Data Lake

Data Lake vs. Data Warehouse

Find an abundance of information in a data lake

Data Lake vs. Data Warehouse: What is the Difference?

Data warehouses have been around for decades in various forms ranging from specialized servers, appliances, databases, and cloud services. The data lakes are an evolution of the big data concept used to store vast amounts of data in native formats. Data lakes store full-fidelity data in all forms, including flat files, log files and spreadsheet exports. A data warehouse is designed to make prepared data available to users for Business Intelligence (BI) dashboards, visualization, Artificial Intelligence (AI), and Machine Learning (ML) tools.

What is a Data Lake?

data lake is primarily a data repository that accumulates large volumes of structured and semi-structured data in its full fidelity native format.

What is a Data Warehouse?

data warehouse is a relational database system containing data from multiple sources that is structured for easy analysis and decision support.

Data Lake vs. Data Warehouse: How to Choose Between Them

Businesses that have large volumes of raw data can use a data lake to consolidate structured and unstructured data. Data warehouses are needed to analyze data to gain business insights. As they serve different functions, data warehouses and data lakes complement each other so they can co-exist.

As the need to analyze data is vital to every business, the data warehouse is the natural starting point. A data lake can be justified as the business accumulates data that does not need analysis immediately or needs to be retained for potential audits. Most businesses have many data warehouses that gather data from various transactional systems to support lines of business such as Sales, Finance and Logistics.

Web visitor logs are an obvious example of a high-volume data source that can be mined for insights. A data lake can be used to hold all log files. Sales and Marketing functions are usually interested in the most recent logs in support of current campaigns and active prospects. The data warehouse may be structured to maintain a rolling window of the current fiscal year visitors in detail, and summary data is sufficient for past periods. In this case, the data lake can be used to maintain the full logs for all years that can be loaded into a data warehouse to support specific projects.
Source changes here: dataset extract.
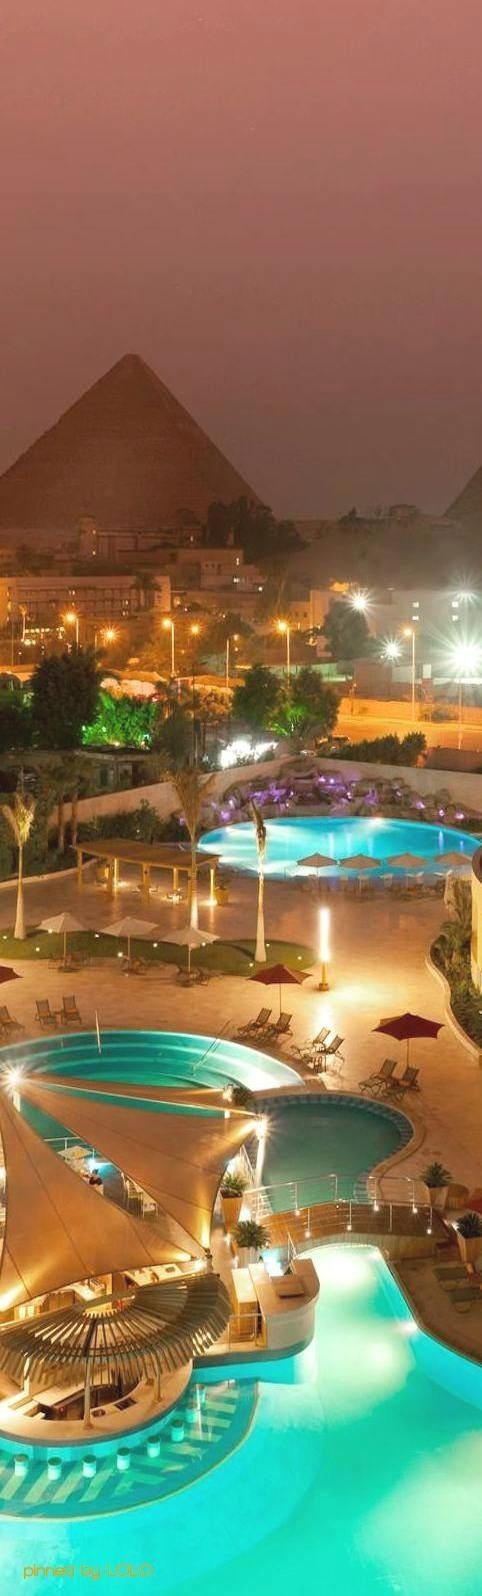 Le Méridien Pyramids Hotel Spa Egypt Lolo Egypt Vacation Para Obtener Información Acceda A Nuestro Sitio Https Stor Egypt Travel Visit Egypt Egypt
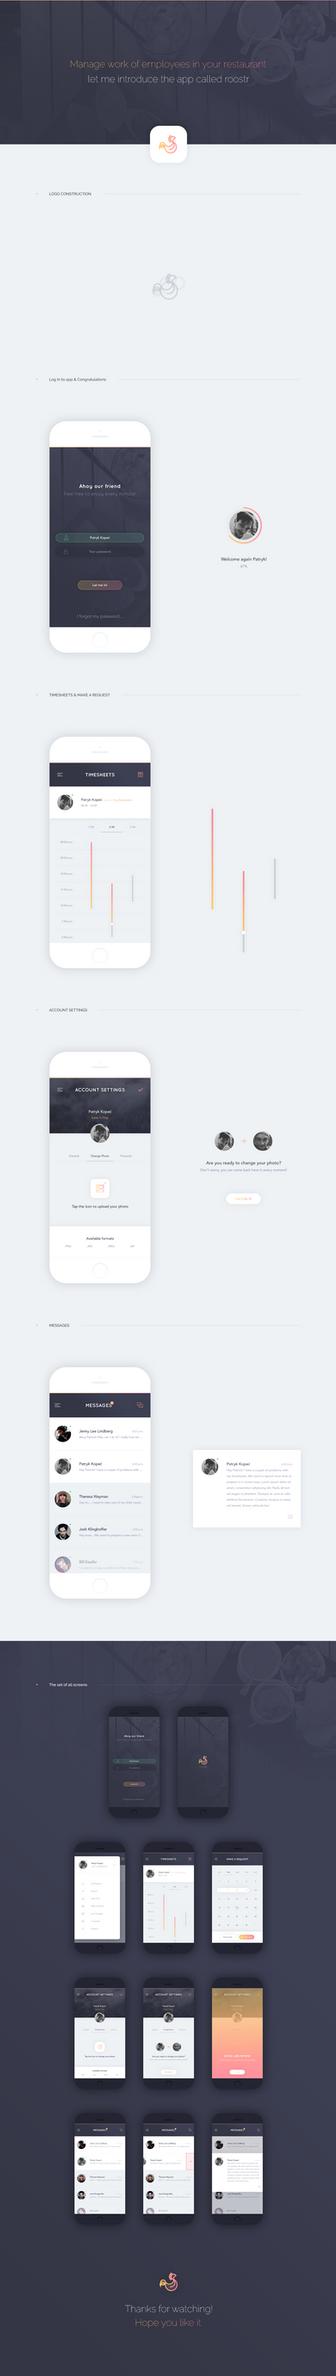 Roostr - Mobile App by encore13

A pragmatic approach to maintaining a data lake is keeping it close to where the data is generated to avoid extensive data moves between clouds, for example. A business may maintain a logical data lake that spans data pools in AWS, Azure, Google Cloud and their regional data centers. Data warehouses based on solutions such as the Actian Data Platform can run analytics at each pool and maintain a logical centralized global view.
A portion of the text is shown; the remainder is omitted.